◆ **ASSIGNED TASK**
From the records below, copy every line that contains the word "artist".

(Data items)

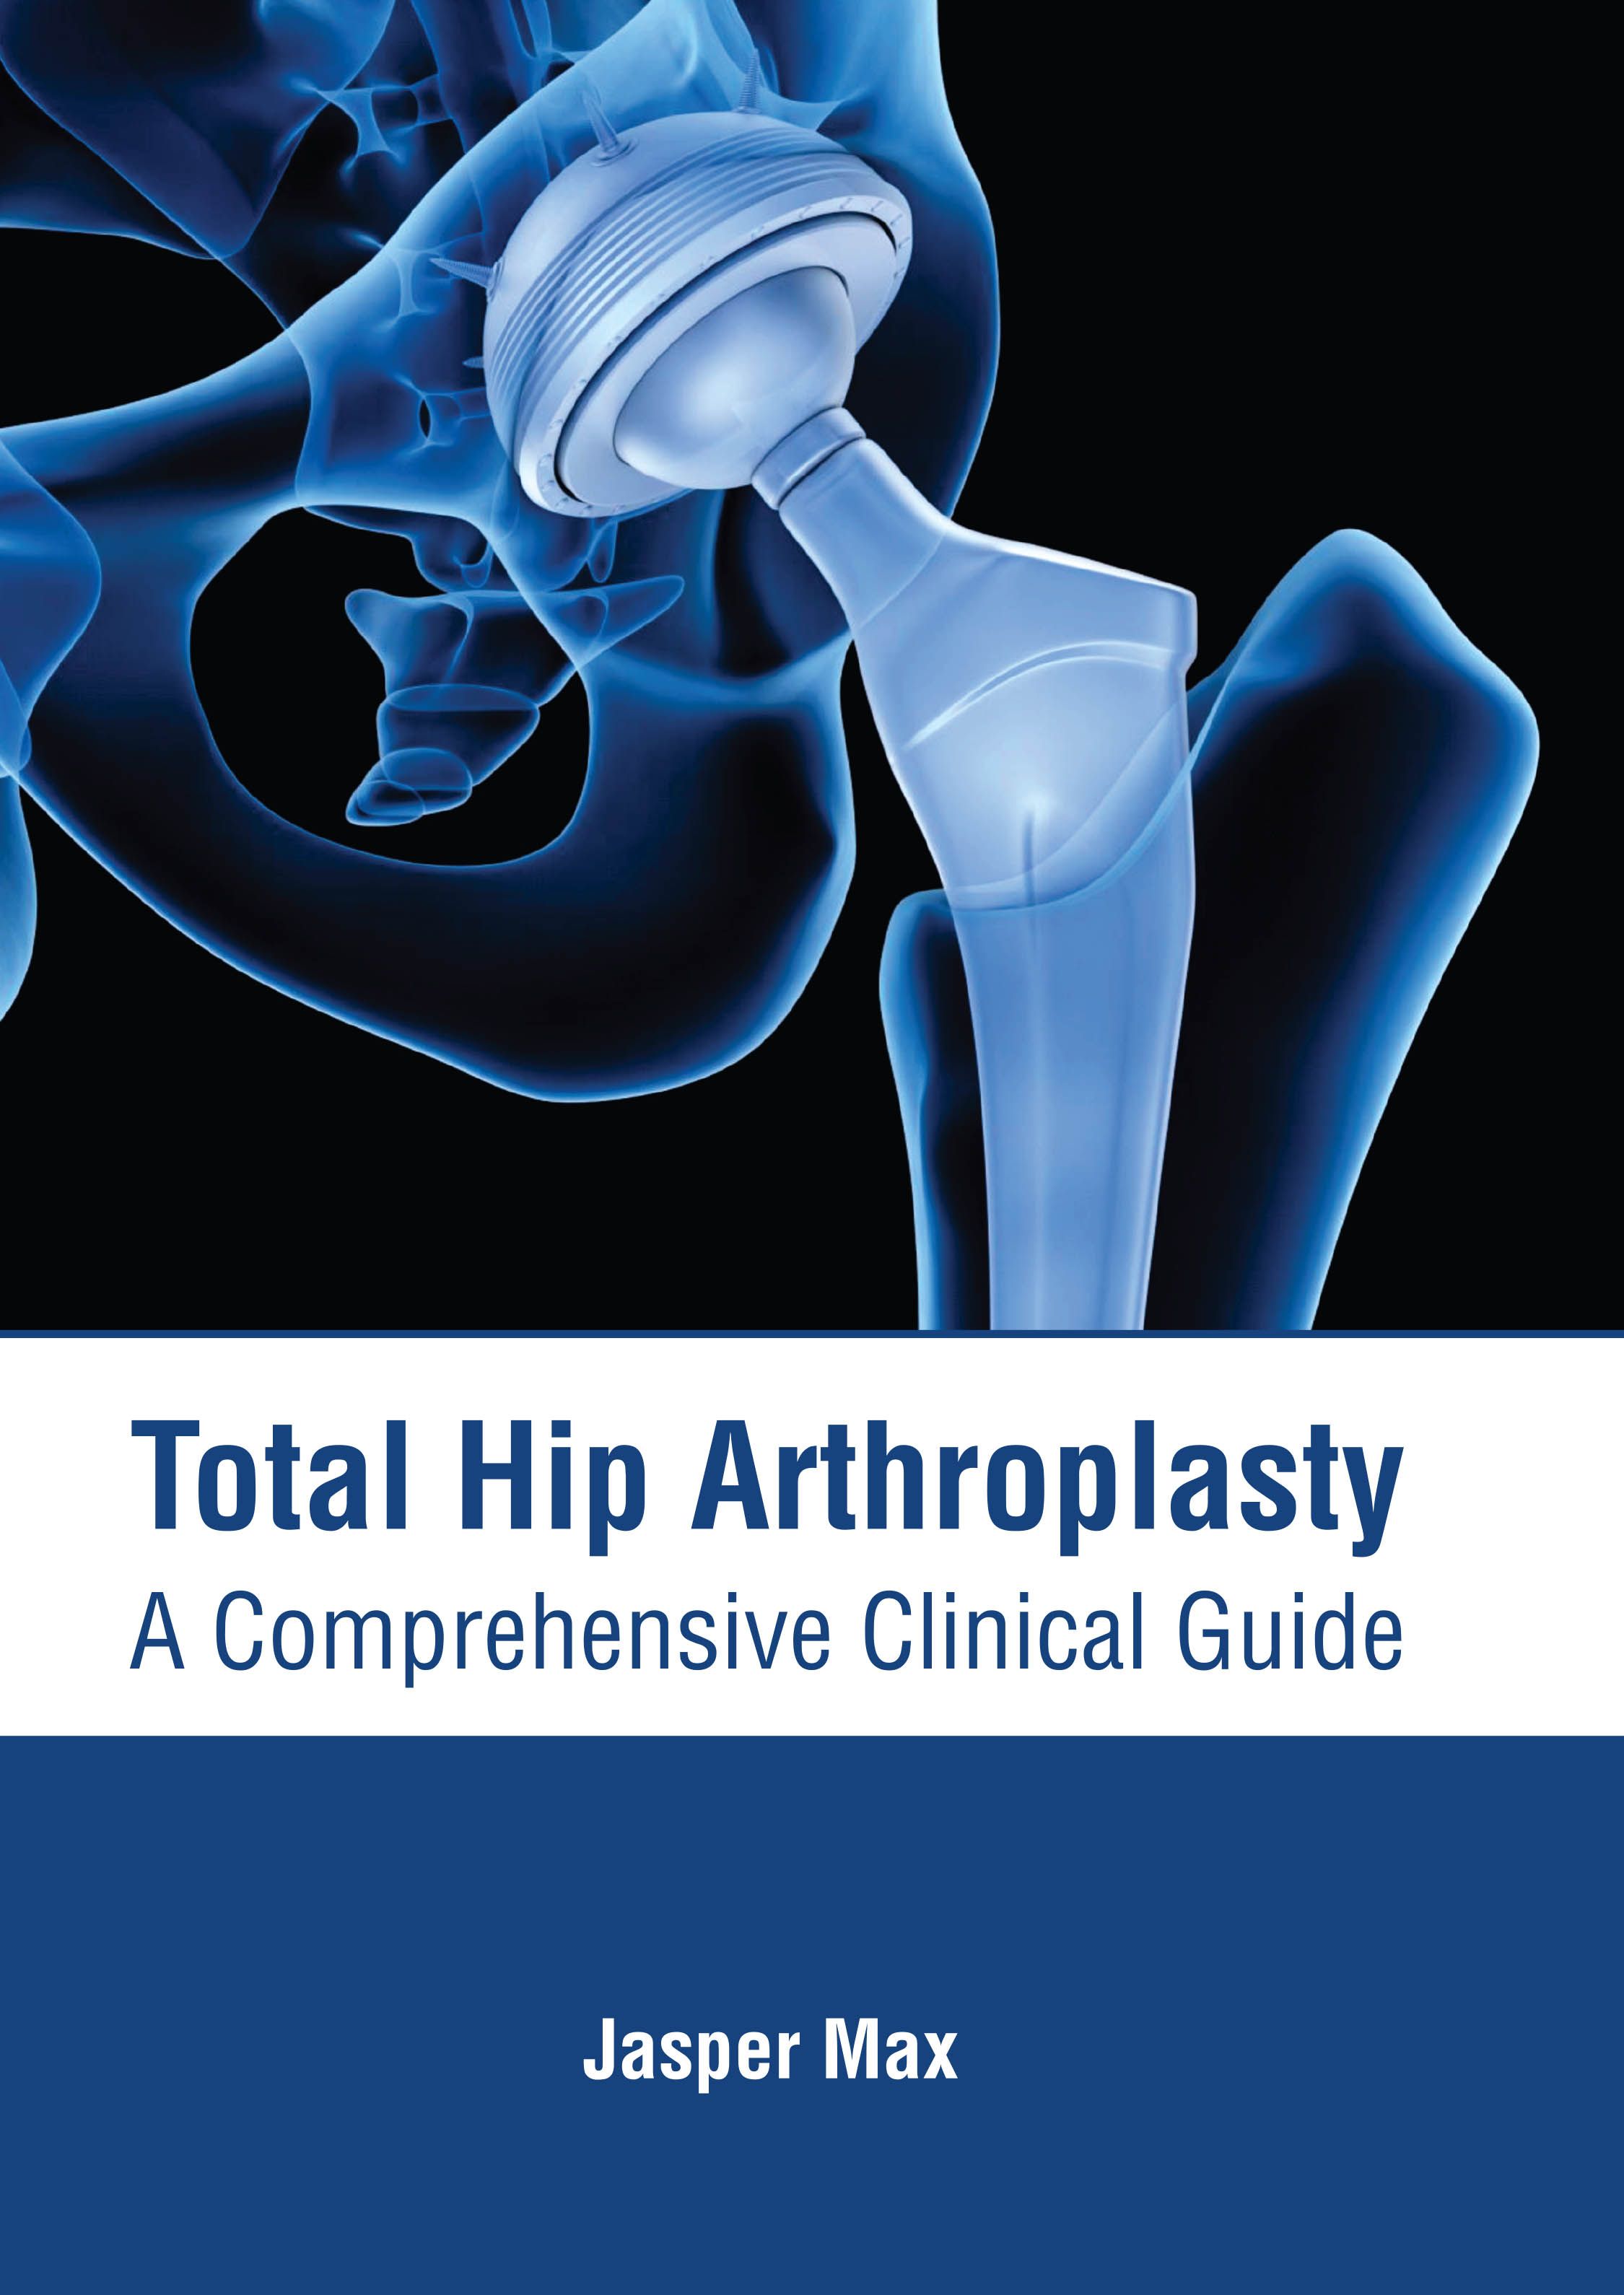 TOTAL HIP ARTHROPLASTY: A COMPREHENSIVE CLINICAL GUIDE | ISBN: 9781639274048
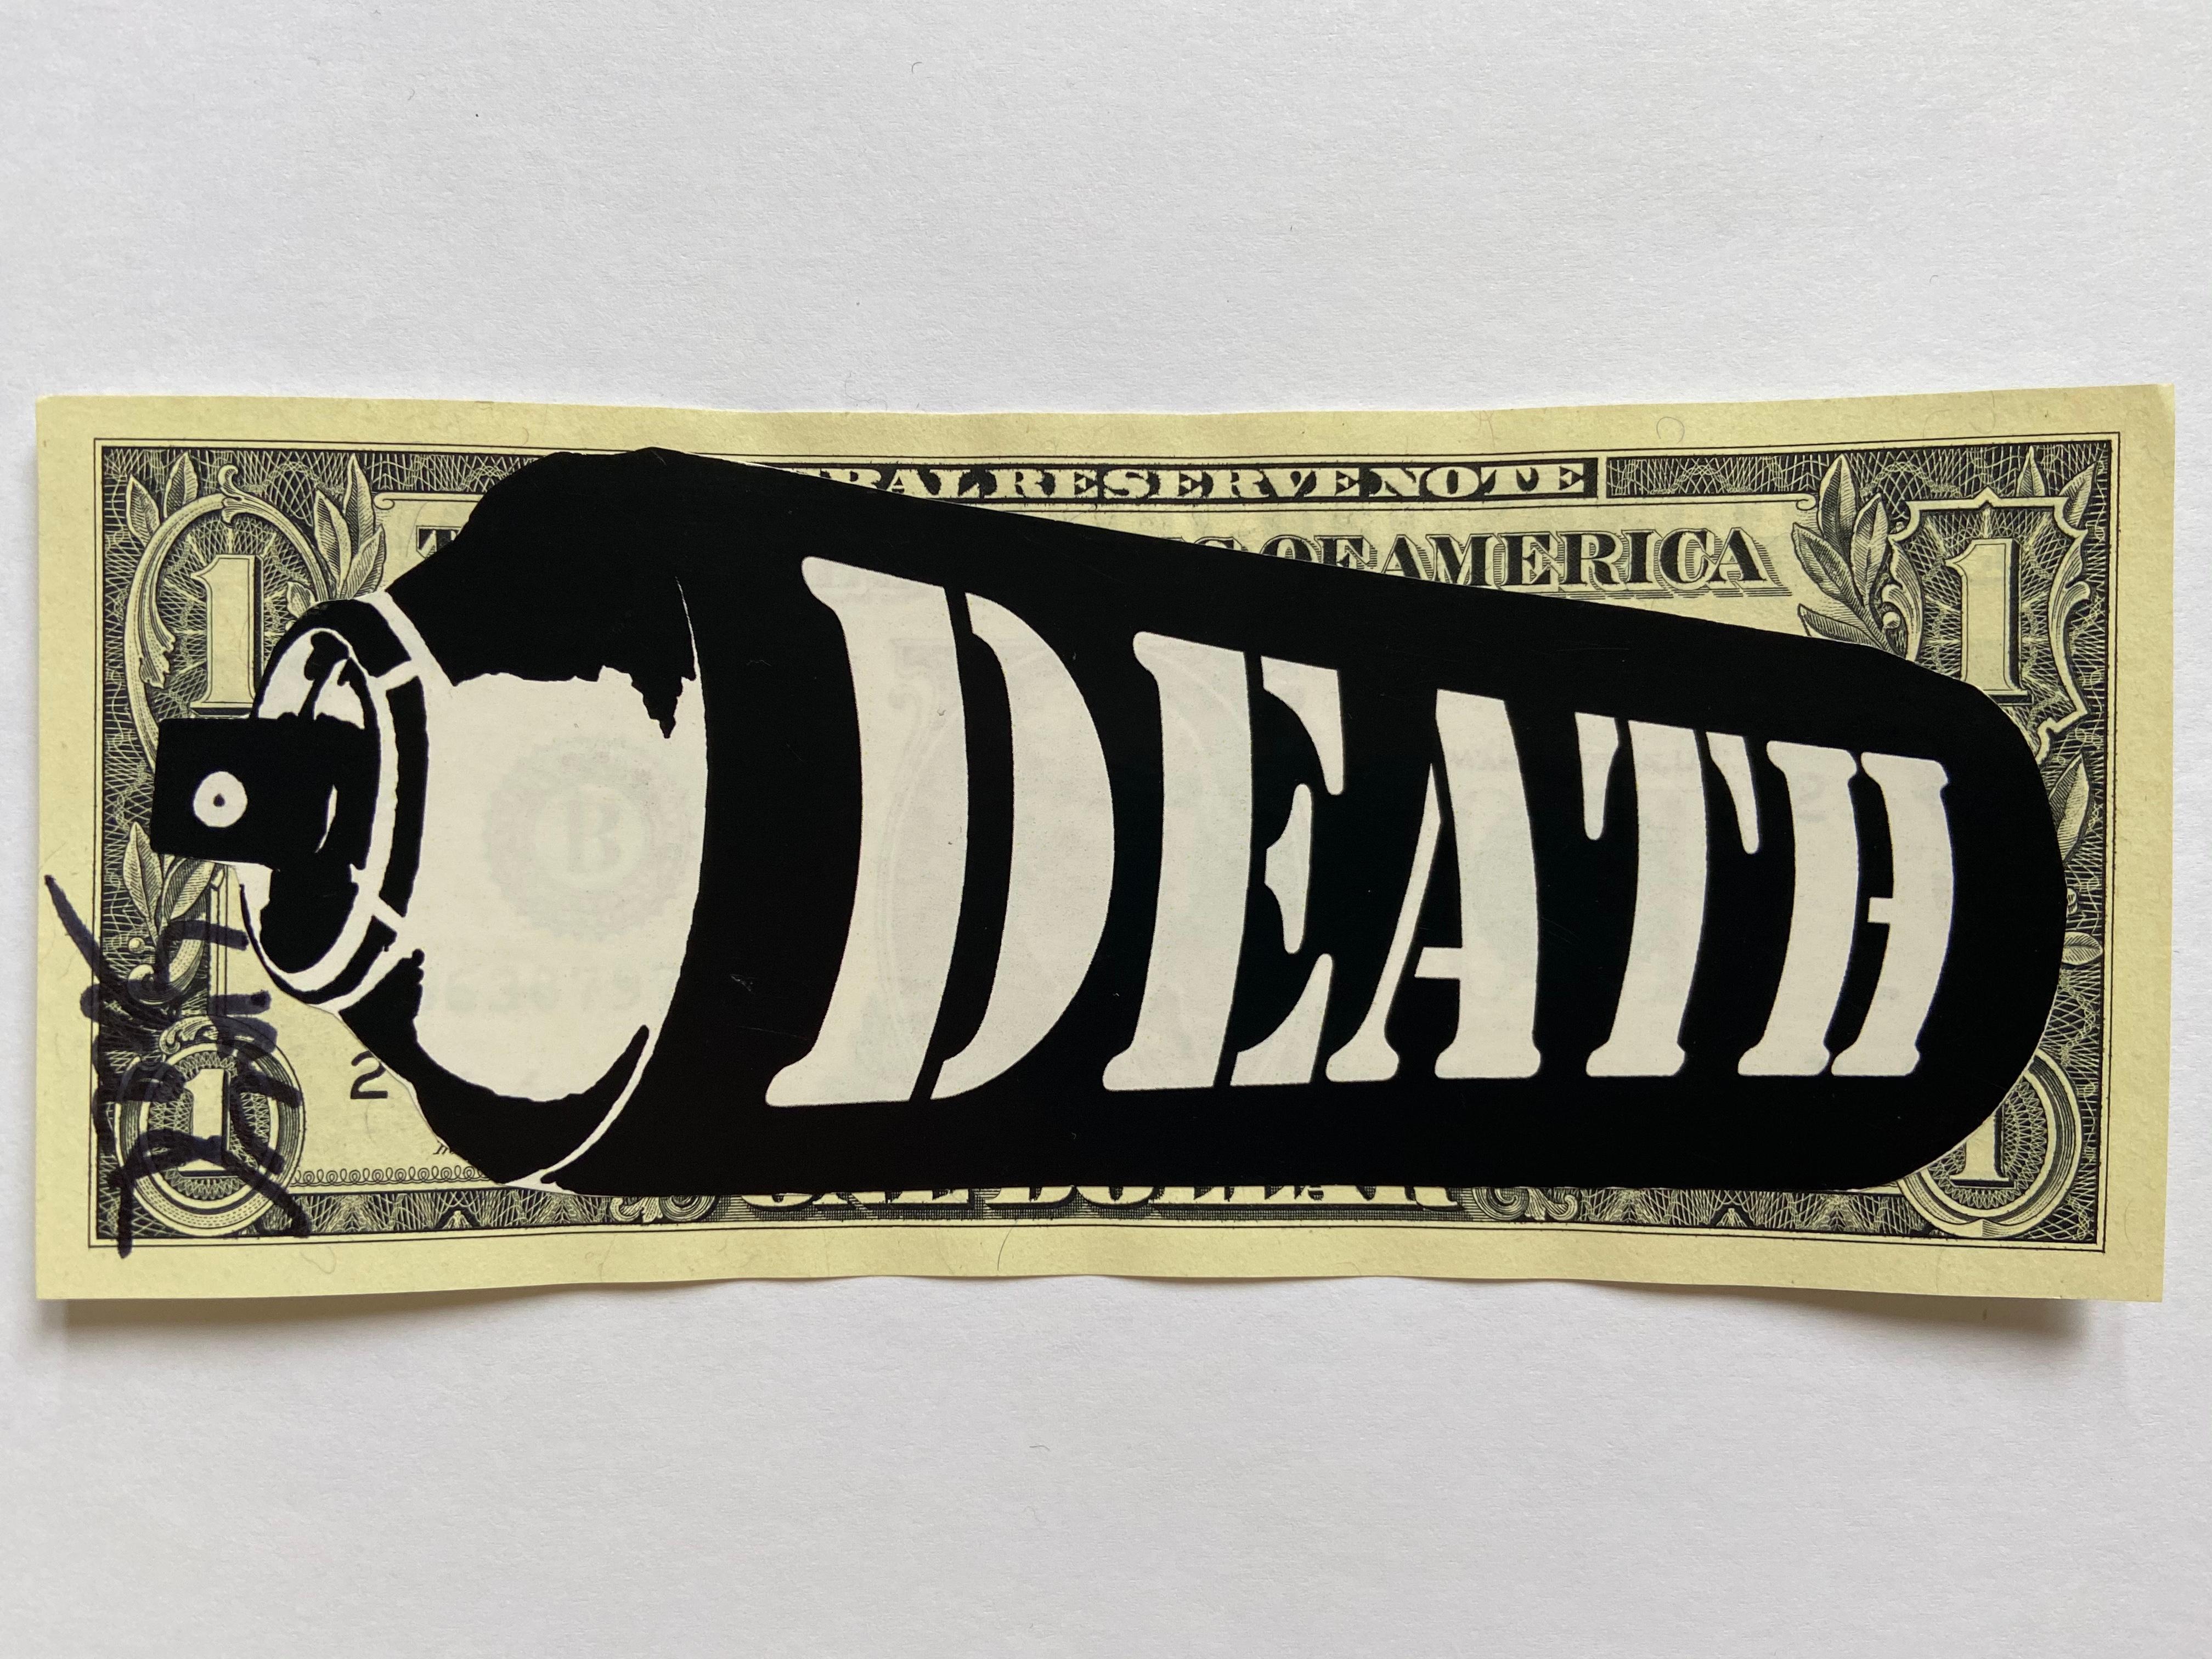 Death NYC
WHITE DEATH SPRAY
2016
Gluing on 1 dollar notes
Signed by the artist
Size: 7 x 15.5 cm
Original copy, delivered with certificate of authenticity and stamp of the artist
Perfect condition 
99 euros

◆ **RESULT OF THE TASK**
Signed by the artist
Original copy, delivered with certificate of authenticity and stamp of the artist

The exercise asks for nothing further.